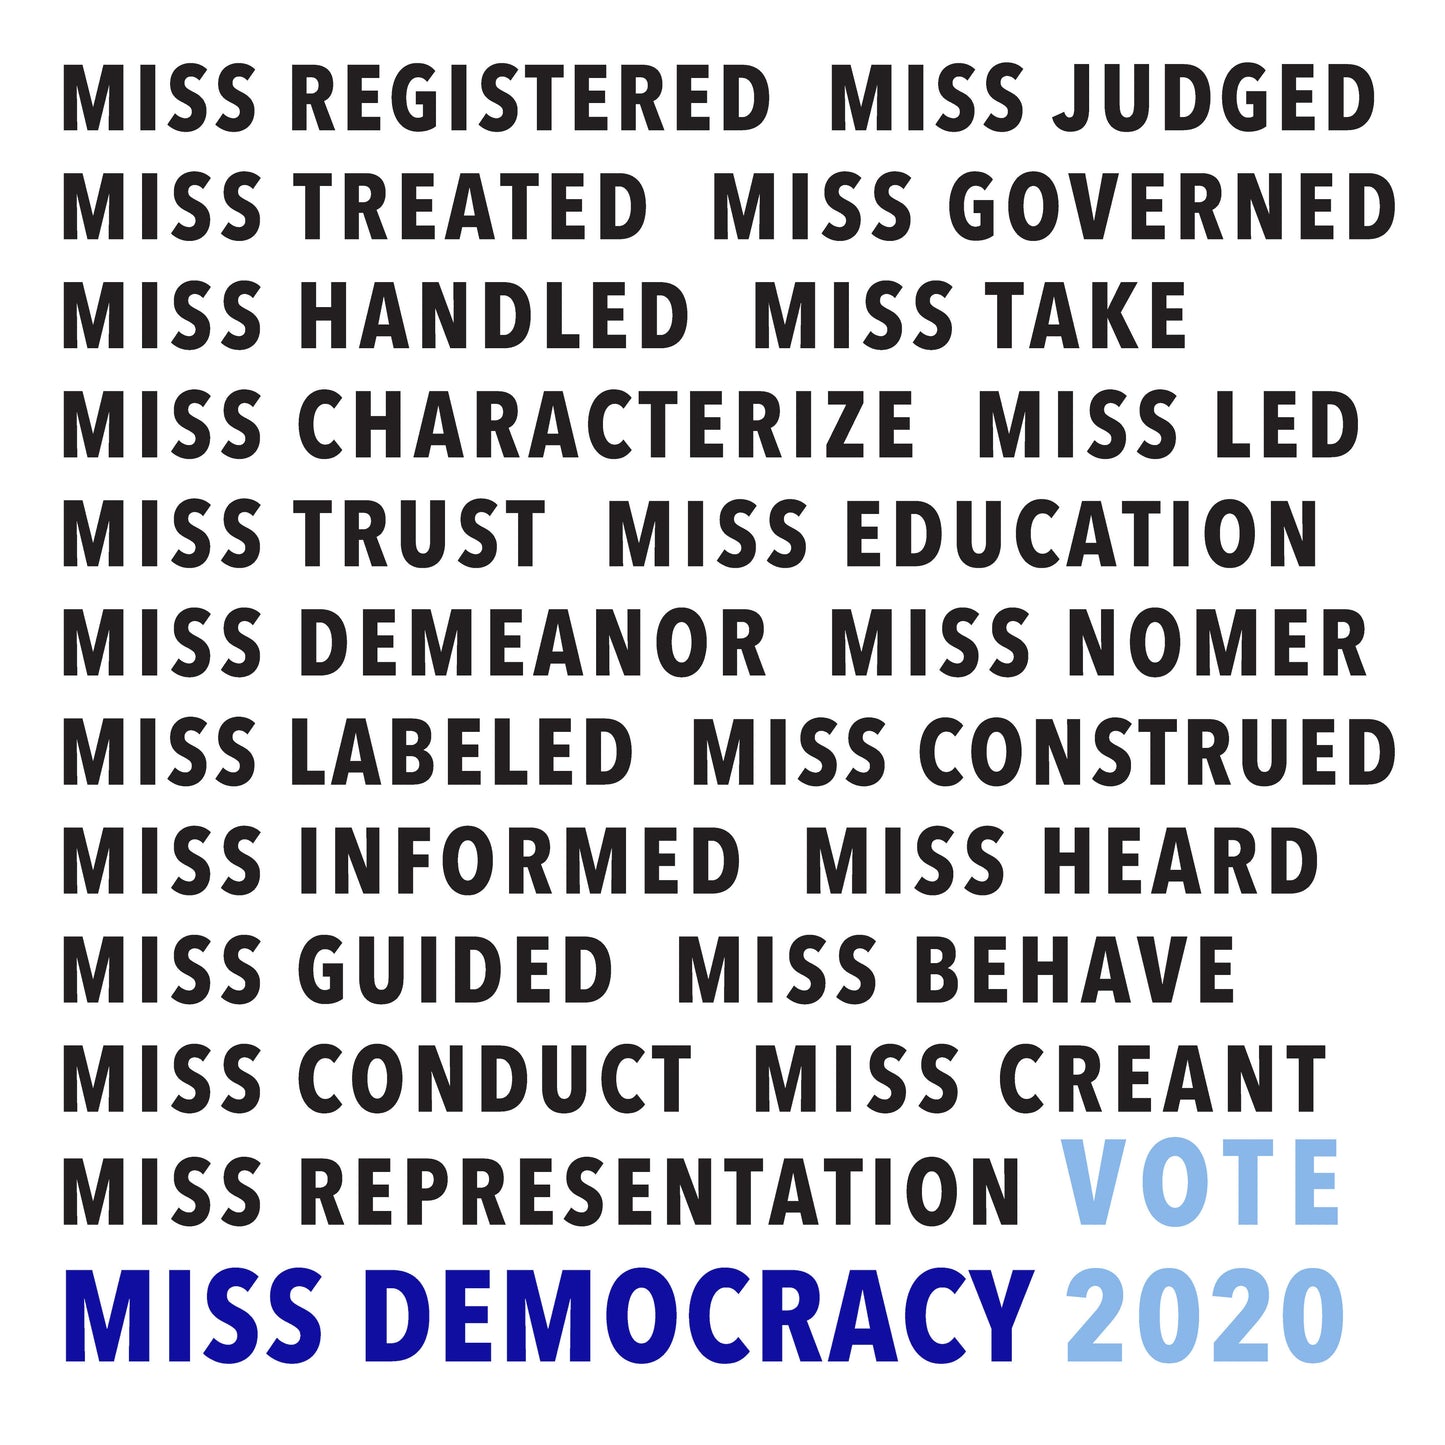 Victory Garden | Miss Democracy 2020 – Miss Democracy
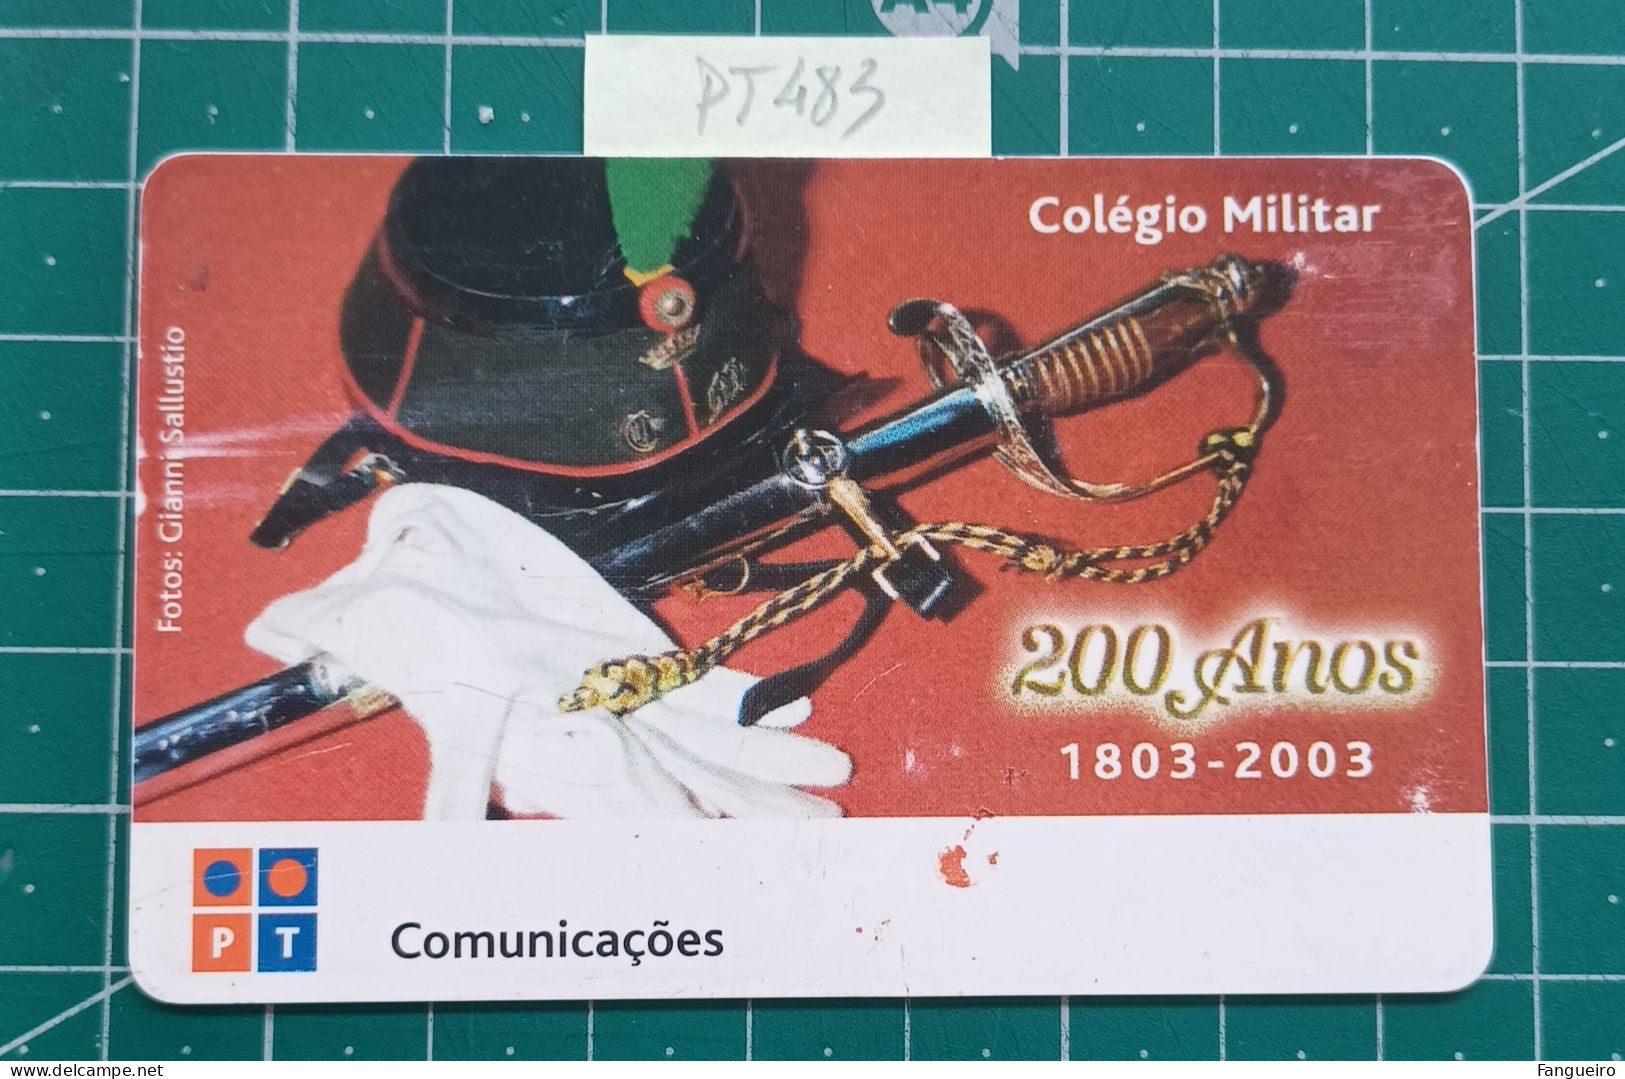 PORTUGAL USED PHONECARD PT483 COLEGIO MILITAR - Portugal
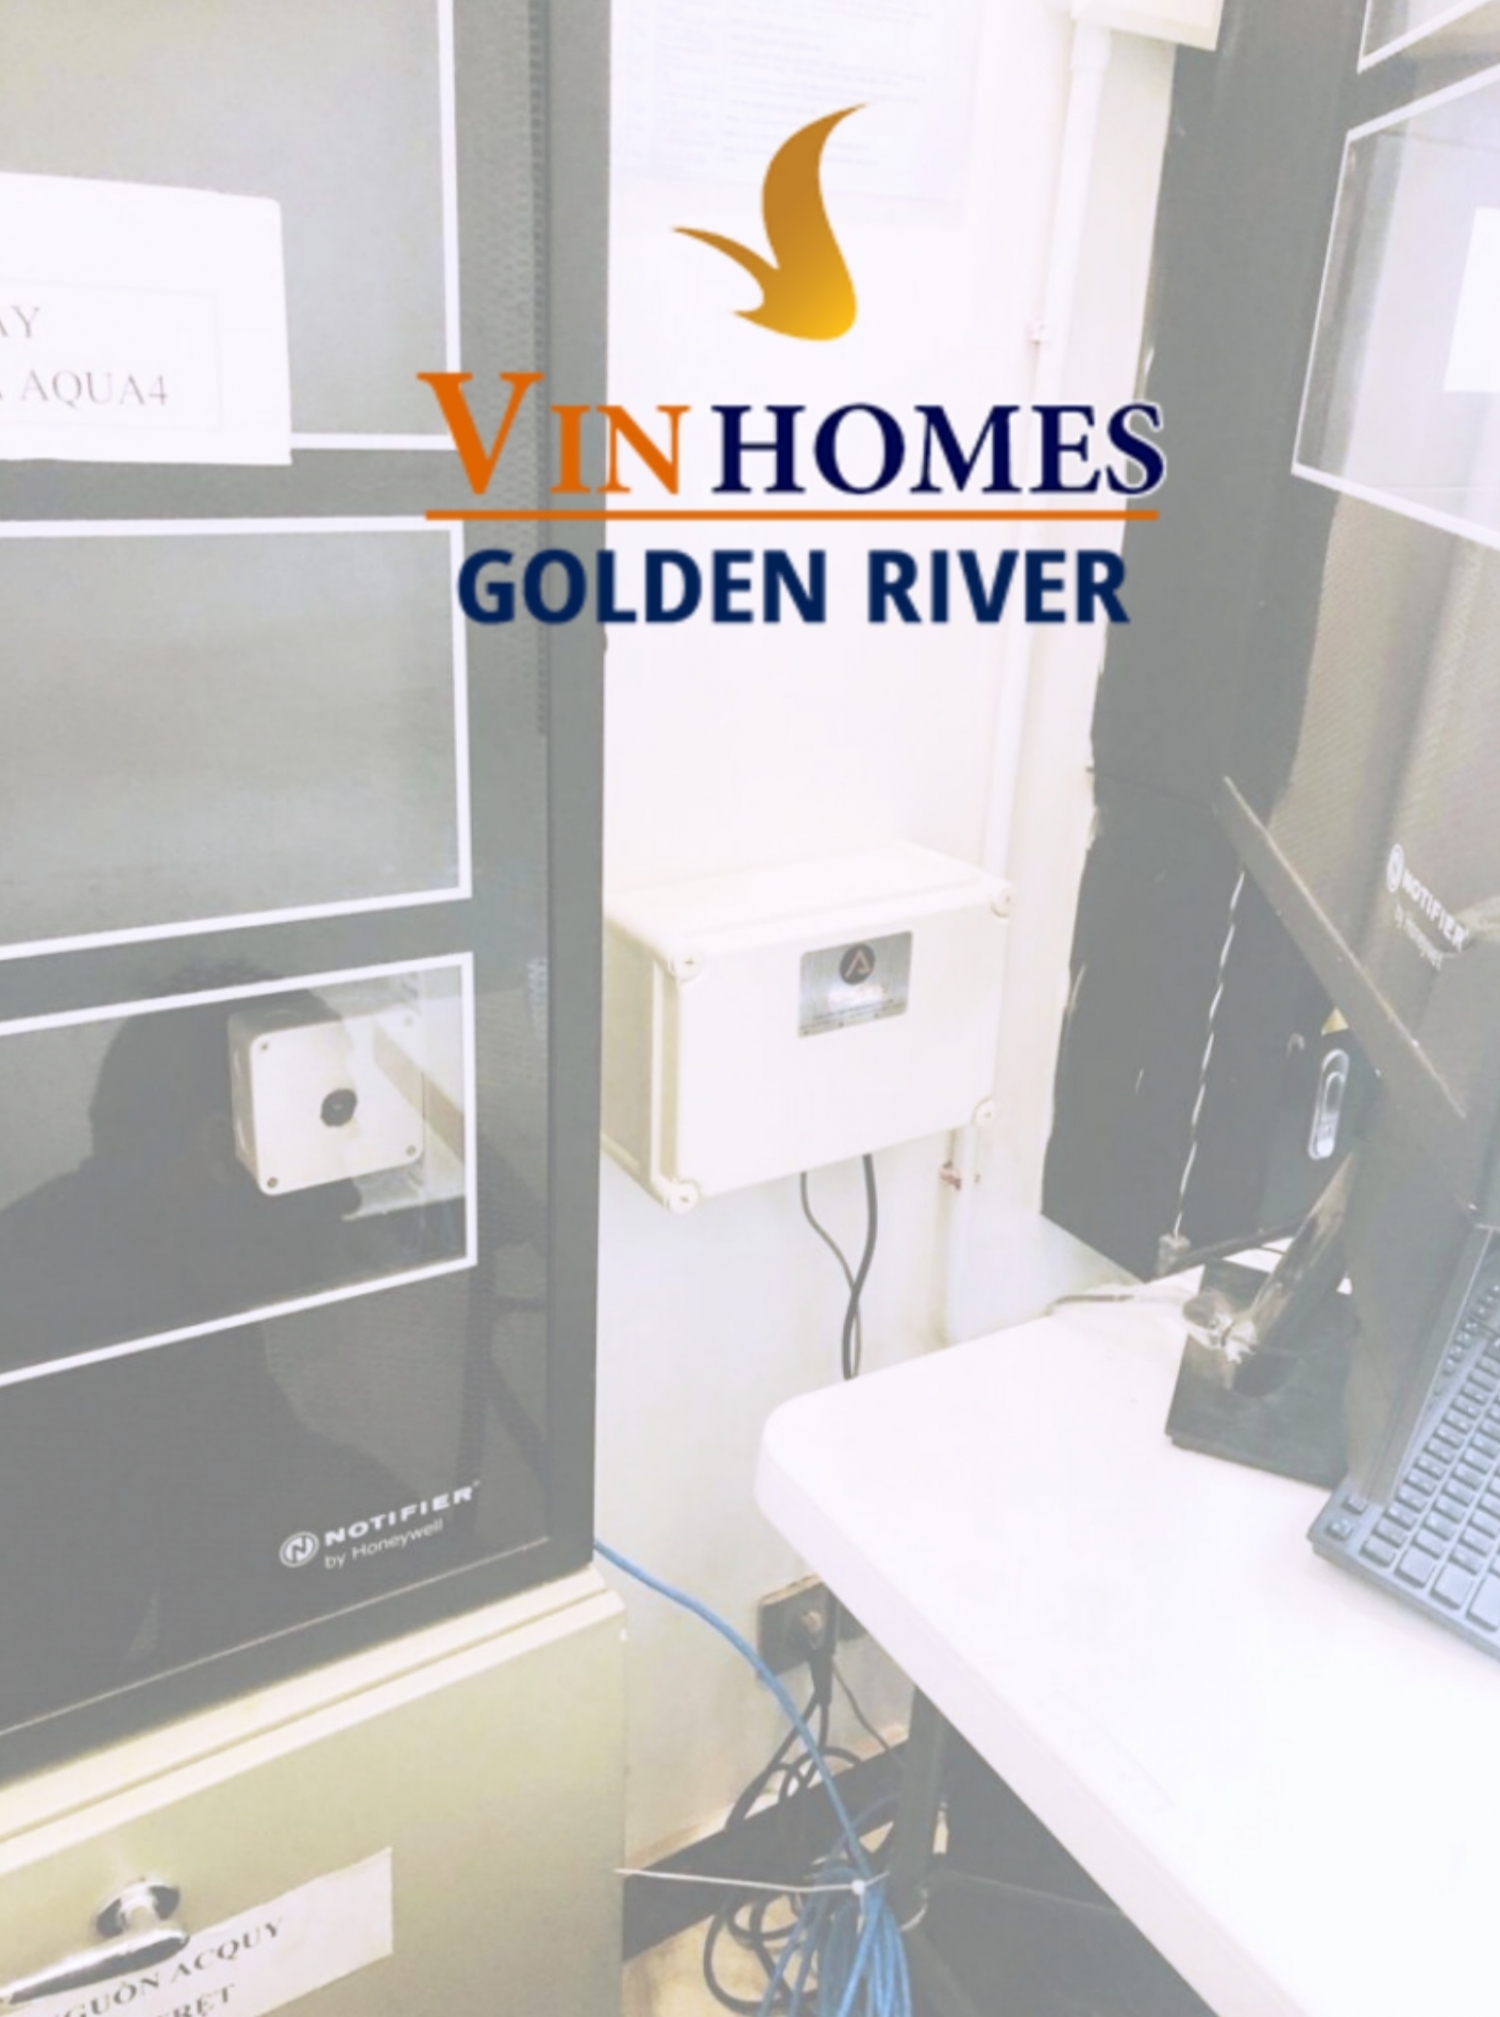 Vinhomes Golden River SMS Alarm System

================================

> [WHAT THE TASK REQUIRES]
All lines from the line with "PORTUGAL USED PHONECARD" through the final line of the listing are to be printed exactly, both ends included; the pictures are not.

> [WRITTEN REPLY]
 PORTUGAL USED PHONECARD PT483 COLEGIO MILITAR - Portugal
 Vinhomes Golden River SMS Alarm System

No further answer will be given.